Im trying to create a pipeline that will do the following:

  • Read HDFS Folder with multiple JSON Files
  • Use a pipeline to continously read new files
  • Include in the pipeline a transform python script (that will transform the json to python pandas do some transformation and keep only the necessary columns)
  • Load into a MemSQL Columnar Table

Currently my pipeline works withouth the tranform, this is the python script I made:

#!/usr/bin/python

import struct
import sys
from datetime import date, datetime
import time, json, ijson
import pandas as pd
from pandas.io.json import json_normalize

binary_stdin = sys.stdin if sys.version_info < (3, 0) else sys.stdin.buffer
binary_stderr = sys.stderr if sys.version_info < (3, 0) else sys.stderr.buffer
binary_stdout = sys.stdout if sys.version_info < (3, 0) else sys.stdout.buffer

def input_stream():
    """
        Consume STDIN and yield each record that is received from MemSQL
    """
    while True:
        byte_len = binary_stdin.read(8)
        if len(byte_len) == 8:
            byte_len = struct.unpack("L", byte_len)[0]
            result = binary_stdin.read(byte_len)
            yield result
        else:
            assert len(byte_len) == 0, byte_len
            return


def log(message):
    """
        Log an informational message to stderr which will show up in MemSQL in
        the event of transform failure.
    """
    binary_stderr.write(message + b"\n")


def transformToCSV(file):
    with open(file) as jsonFile:
        data = json.load(jsonFile)
        dataNormal = json_normalize(data, sep='_')
        df = pd.DataFrame(dataNormal)
        df['timestamp'] = pd.to_datetime(df['timestamp'])
        df['date'] = pd.to_datetime(df['timestamp']).dt.date
        df = df[["metric_id","timestamp","date","service","type",
                 "scene","name","observation","observation"]]
        dfFinal = df.to_csv(df, encoding="utf-8",index=False)
    binary_stdout.write(dfFinal)

log(b"Begin transform")

# We start the transform here by reading from the input_stream() iterator.
for data in input_stream():
    # Since this is an identity transform we just emit what we receive.
    transformToCSV(data)

log(b"End transform")

But when I test the pipeline I get the following error:
ERROR: ImportedOS::ExecuteSubprocessAsync()
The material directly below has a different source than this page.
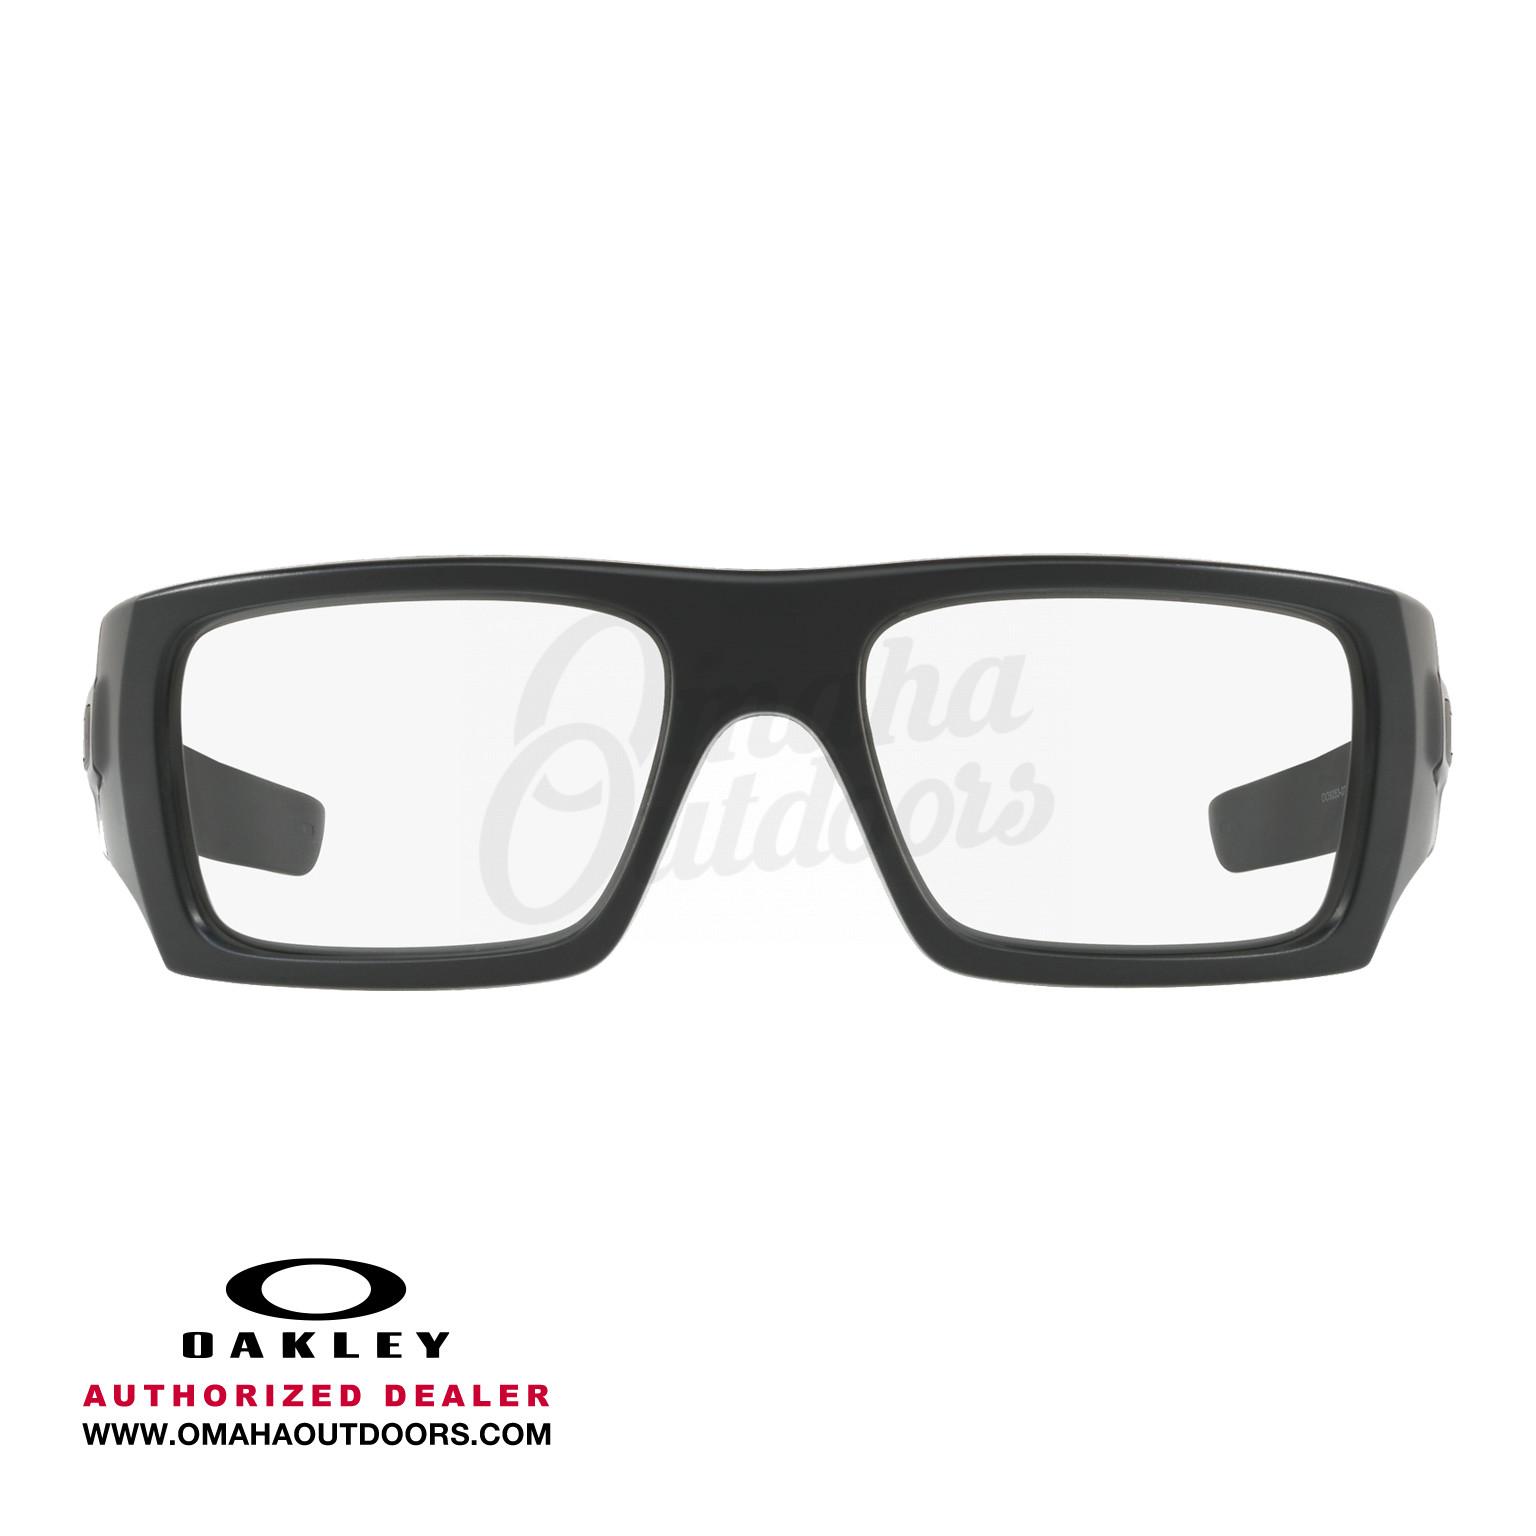 874e97cb72 Oakley Det Cord Industrial - ANSI Z87.1 Stamped Safety Eyeglasses ...
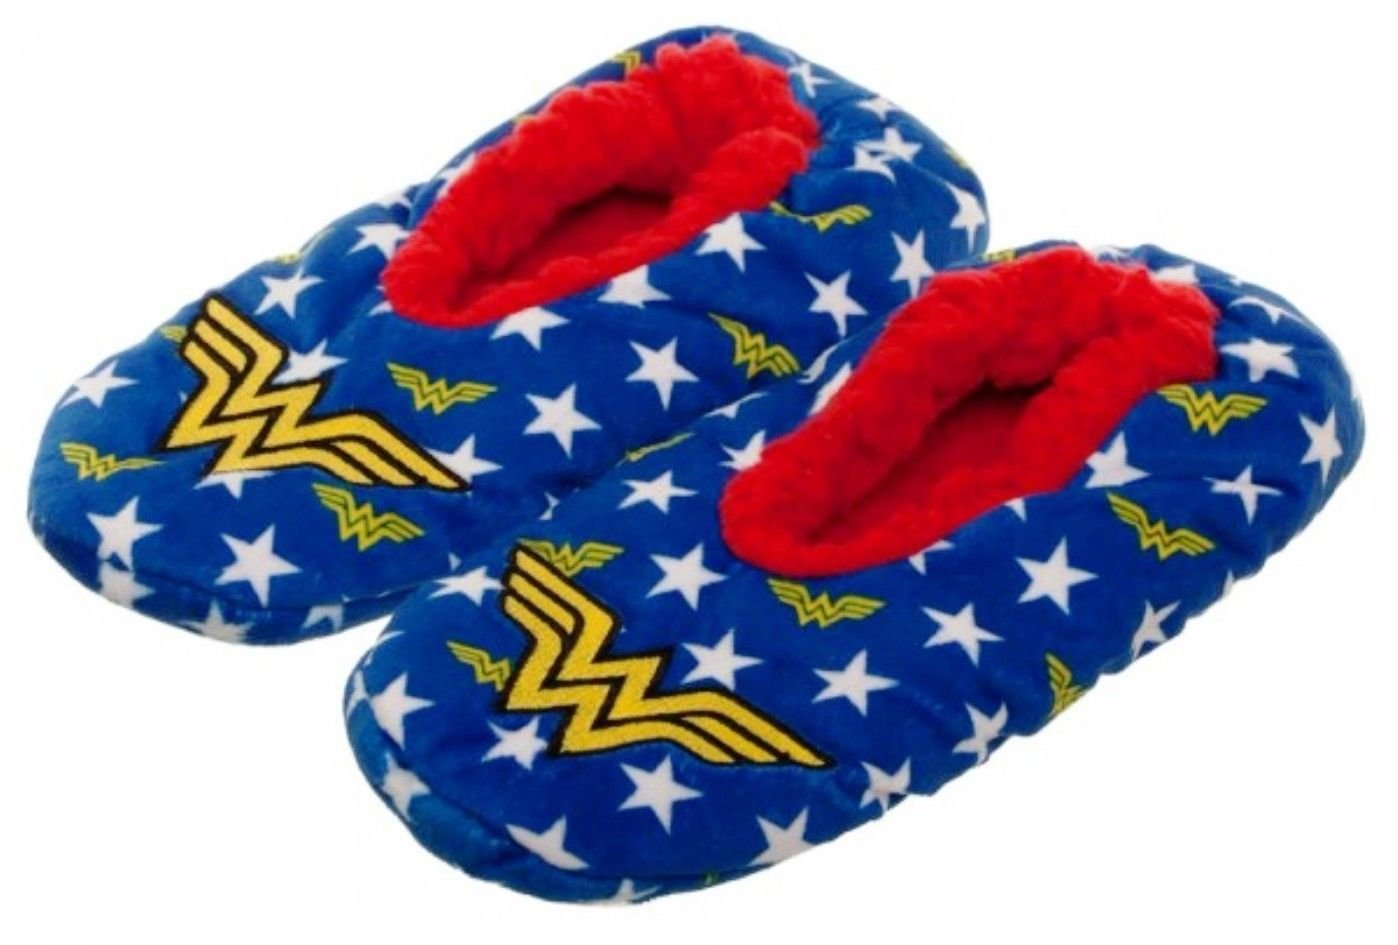 New Horizons Production DC Comics Wonder Woman Stars and Logo Plush Cozy Unisex Adult Slippers (Small/Medium)

(Pipeline without the transform works just fine)

What I am missing? I couldn’t find any example of using pipelines transform with hdfs data.

Thanks,

1 Like

This transform looks like its trying to use the kafka transform protocol. The HDFS (and S3 and FS and Azure) transform protocol is actually much simpler, it just receives the file on stdin and writes the output to stdout. Thus you don’t need the input_stream function at all.

Hope this helps,

Also, its worth noting that we have direct JSON ingest in 6.7 and later, so you don’t even need to convert to CSV. SingleStoreDB Cloud · SingleStore Documentation. You do, in 6.7, need to say what values in the json you output map to what values in your table, but once you’ve constructed a dict (call it obj) in python, you can simply do print json.dumps(obj) and it to emit the record.

1 Like

If it’s possible to express your data transformations as SQL expressions, I’d also recommend transforming data using CREATE PIPELINE’s optional SET clause and omitting the TRANSFORM clause from CREATE PIPELINE entirely. Piping data through any transform has overhead that’s worth avoiding. And in your particular case, even if the transform outputs JSON instead of CSV, it’ll still involve parsing JSON in python.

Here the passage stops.